In total, Donald Trump and Ted Cruz won two caucuses each, with the real estate mogul taking Kentucky and Louisiana while the top establishment candidate took wins in Kansas and Maine, leaving remaining competitors Marco Rubio and John Kasich behind.
On the Democratic side, Bernie Sanders took away Nebraska and Kansas while Hillary Clinton took the minority dominated Louisiana vote.
While the results were a little less than surprising, it all adds up to some common themes we’ve seen along the campaign trail so far.
First, although Cruz and Trump are still dominating the race and racking up the most delegate counts, the remaining GOP candidates still think they have a shot at this.
March 15 will mark the winner-take-all contests where Rubio’s home state of Florida and Governor Kasich’s Ohio have major delegate points worth scoring.
Rubio made sure to make that clear as he spoke in Puerto Rico, in an effort to win the territory’s 23 US delegates.
“There will be more delegates awarded in Florida than basically any other state that voted tonight combined,” Rubio said. “There are clearly states in which some of my opponents do better than us because it fits the profile they’ve targeted.

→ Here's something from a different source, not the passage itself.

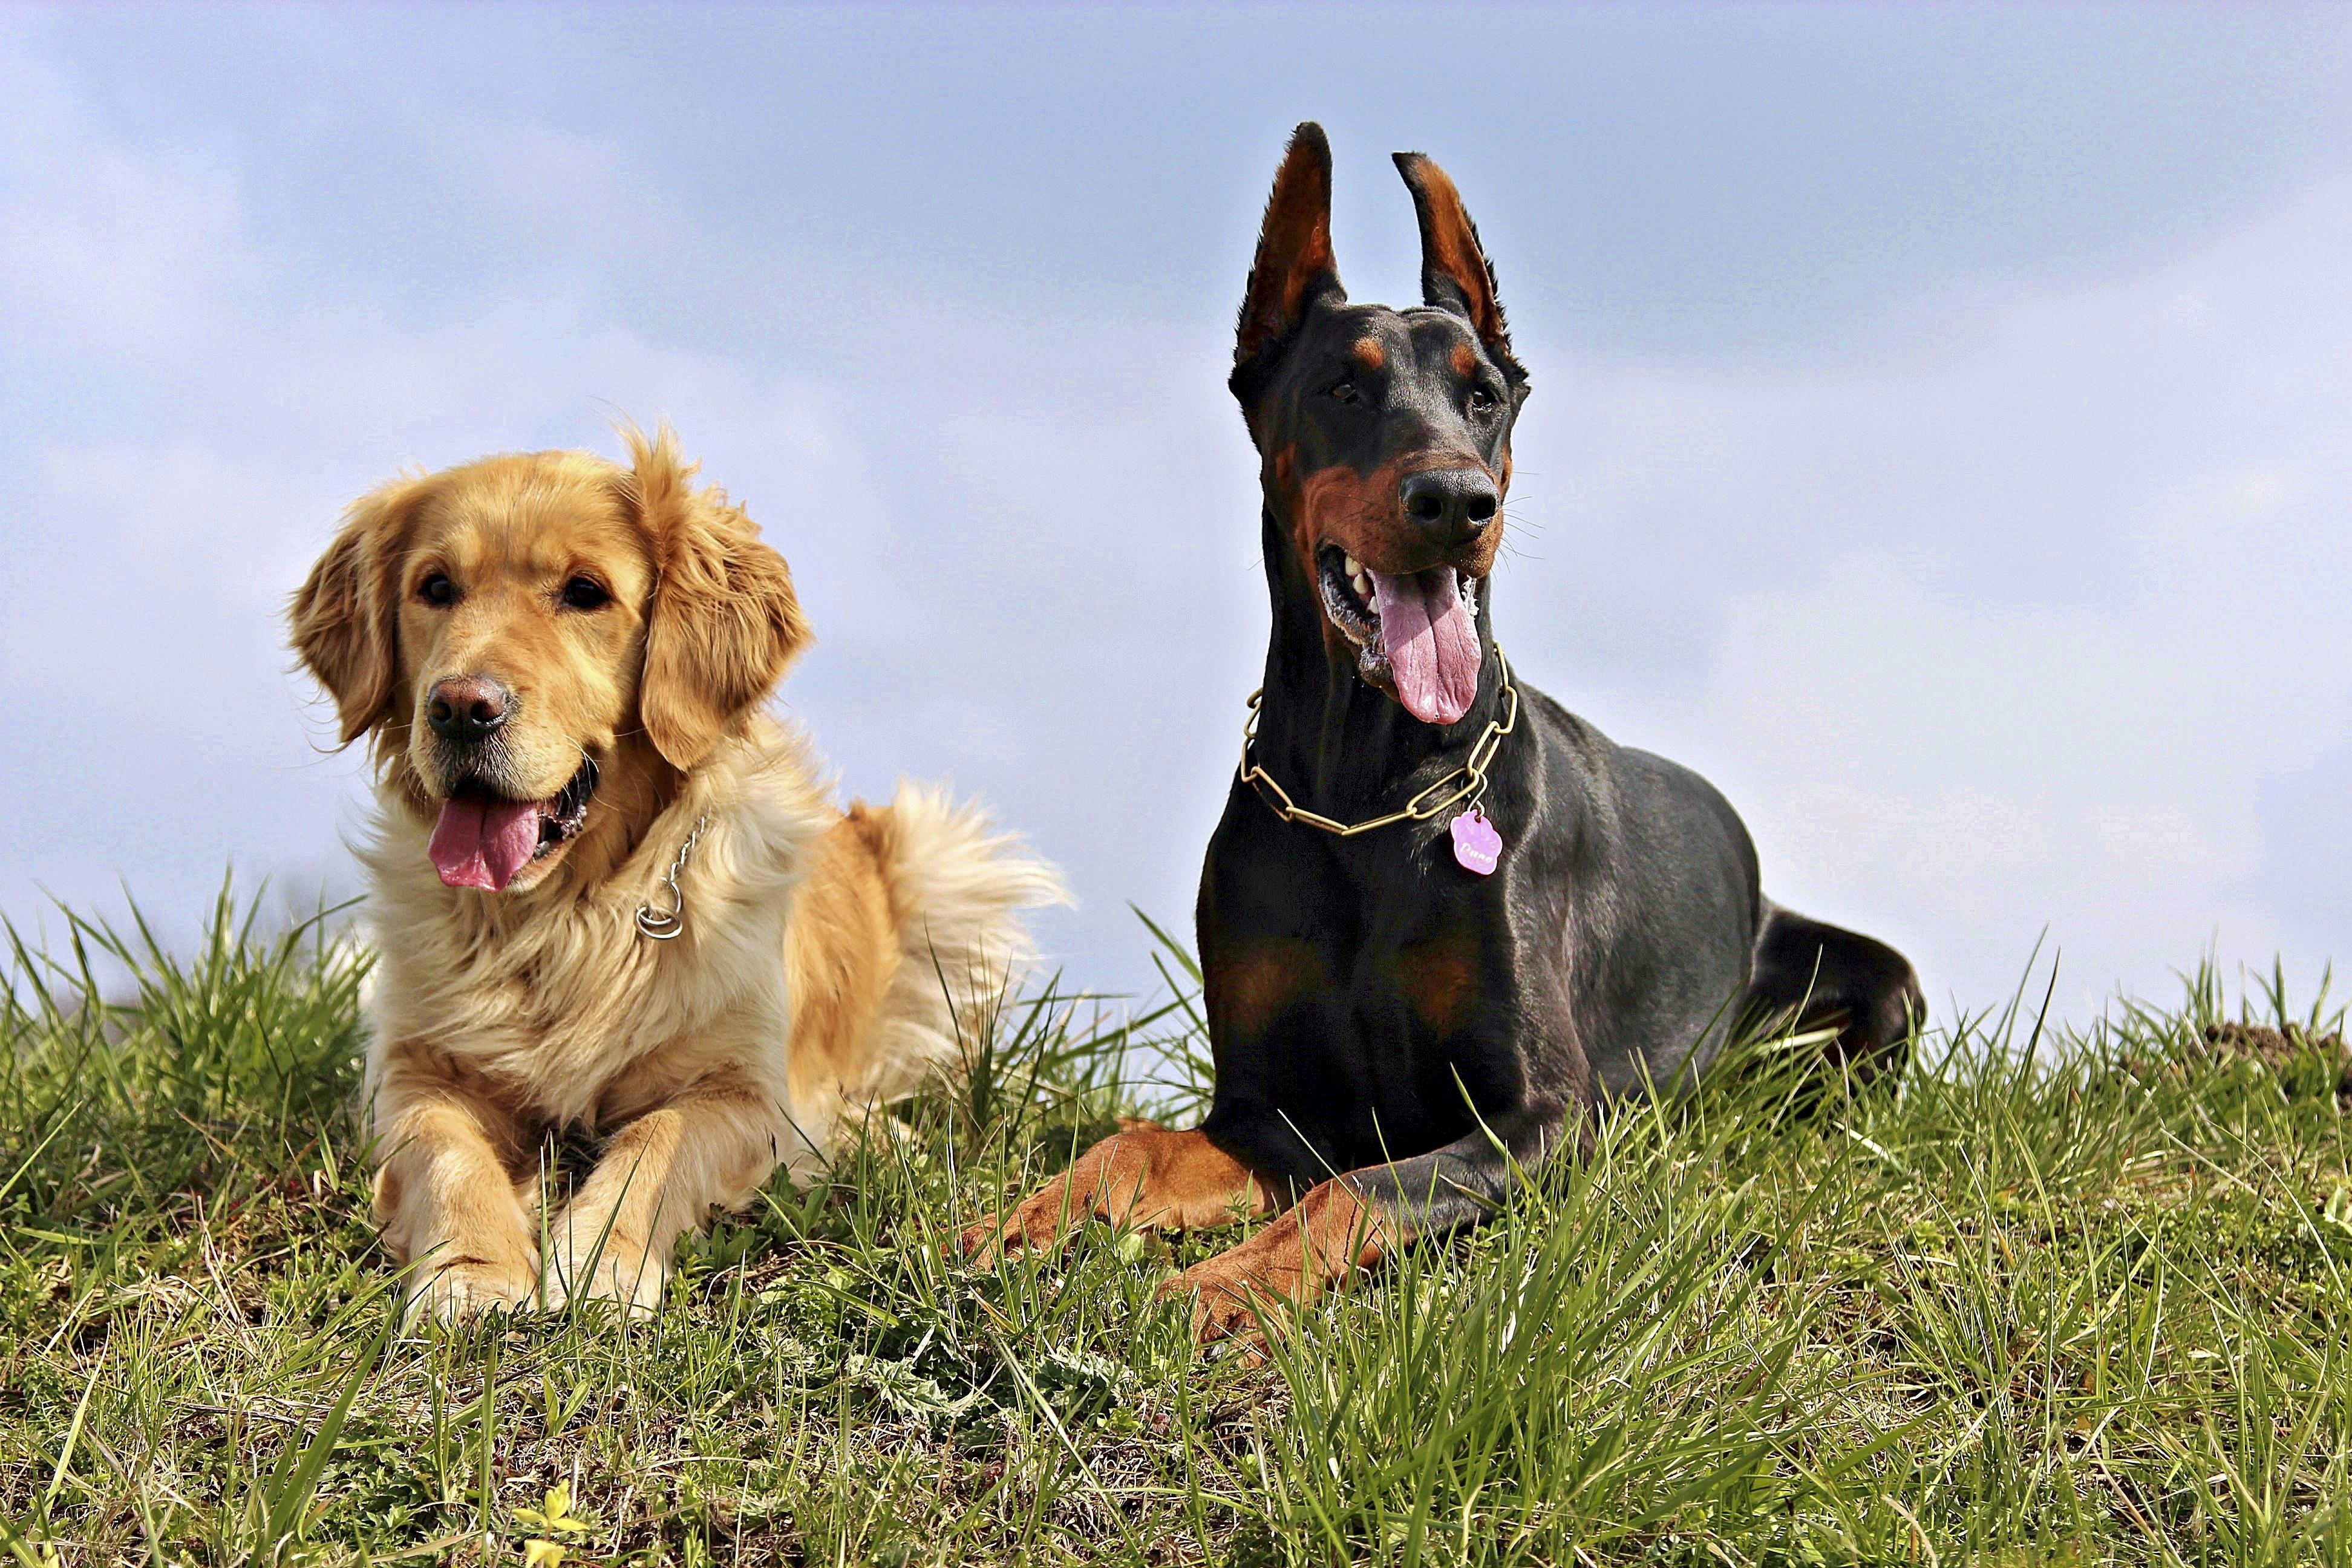 Free Images : Dogs, Vertebrate, Dog Breed, Doberman, Dog

We understood that.”
On the other hand, things are looking pretty good for Ted Cruz. It now seems that in the Rubio-Cruz scuffle in determining who would actually rise to take on Donald Trump, the Texas-bred senator is rising victoriously.
But, that could also be due to the fact that three of the past four contests were caucuses that only allowed preregistered Republicans to vote.
As the race moves toward a mix of primaries and caucuses in which undeclared voters can choose to vote, the ‘outsider’ electorate that Donald Trump has fiercely gone after will be showing in great numbers, making end results pretty unclear.
On the Democratic side of things, it’s pretty clear.
Sanders’ wins in Nebraska and Kansas and Clinton’s win in Louisiana still point to their voter demographics.
Bernie Sanders is still dominating among white voters, and Hillary Clinton’s victories are pointed towards the minority vote, a crucial part in the Democratic nomination.
After yesterday’s wins, Sanders doesn’t seem to be closing up shop anytime soon.
“The win in Nebraska coupled with a double-digit victory in Kansas tonight will put us on a path toward victory. We’ve got the momentum, the energy and the excitement that will take us all the way to the Democratic National Convention in Philadelphia,” Sanders said in a speech after winning Nebraska.
As the race moves up North, all eyes will still remain on the African-American population, who still play a major role in industrial states like New York, Pennsylvania, Michigan and Ohio.
Today, Republicans will be looking to gain a win in Puerto Rico as Democrats look towards Maine.